Parser → Event Stream → IR → Dictionary-aware Mapping → DuckDB → Output/API
| Layer | Responsibility |
|---|---|
| Lexer | Tokenisation, ValueType assignment |
| Parser | Token sequence interpretation, error recovery, event emission |
| IR (CIFModel) | Event accumulation, loop validation, multiline text transformation |
| Dictionary | DDLm parsing, schema derivation |
| DuckDB | Persistent storage: structured tables when a dictionary is present, fallback tier otherwise |
| Output | Valid CIF regeneration; Python/NumPy/pandas API surface |
Layer responsibilities are strictly separated.

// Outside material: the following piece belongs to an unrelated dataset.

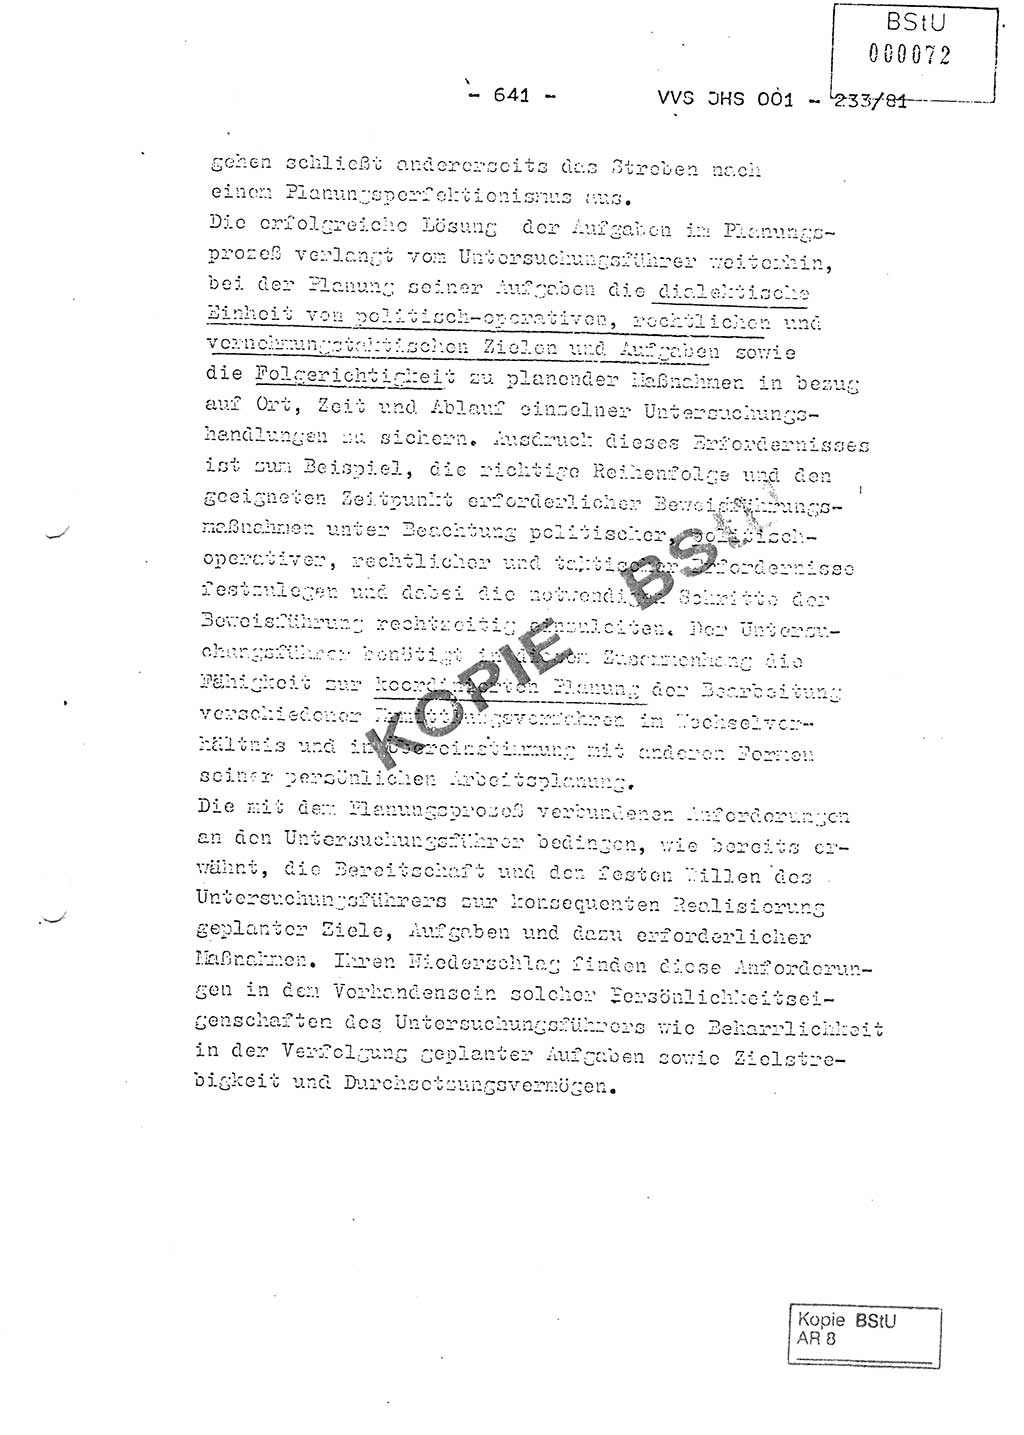 Dissertation Oberstleutnant Horst Zank (JHS), Oberstleutnant Dr. Karl-Heinz Knoblauch (JHS), Oberstleutnant Gustav-Adolf Kowalewski (HA Ⅸ), Oberstleutnant Wolfgang Plötner (HA Ⅸ), Ministerium für Staatssicherheit (MfS) [Deutsche Demokratische Republik (DDR)], Juristische Hochschule (JHS), Vertrauliche Verschlußsache (VVS) o001-233/81, Potsdam 1981, Blatt 641 (Diss. MfS DDR JHS VVS o001-233/81 1981, Bl. 641)

The parser does not know about the dictionary. The dictionary does not know about the IR. The output layer only reads from DuckDB.
All stages are complete and tested.
| Stage | Feature |
|---|---|
| 1–2 | CIF 1.1 and 2.0 parser + IR (CIF model) |
| 3 | DDLm dictionary loading (_import.get, alias resolution, deprecation) |
| 4 | DuckDB schema generation (Set/Loop → tables, PKs, FKs, bridge columns, fallback tier) |
| 5 | DuckDB ingestion: structured tables + fallback tier; FK propagation; error recovery; canonical caseless name matching |
| 6 | CIF emission (ORIGINAL, GROUPED, ONE_BLOCK, ALL_BLOCKS); pretty-print; line-length enforcement; decimal alignment; schema visualisation; programmatic CifFile construction (CifWriter); cleaning parser artefacts (clean); type-cast export (convert_database); fidelity checking (check_fidelity); validation (validate) |
Run the fast test suite (excludes tests that load large real-world CIF files):
.venv/Scripts/python.exe -m pytest -m "not slow"
Run the full suite including slow tests:
.venv/Scripts/python.exe -m pytest
After modifying the Rust extension, recompile before running Python tests:
.venv/Scripts/maturin develop
Apache 2.0. See LICENSE.
The bundled JavaScript files (viz.js 2.1.2 and svg-pan-zoom 3.6.1) used by
visualise_schema_html are MIT-licensed. Licence notices are in
src/cifflow/dictionary/js/LICENSES.txt.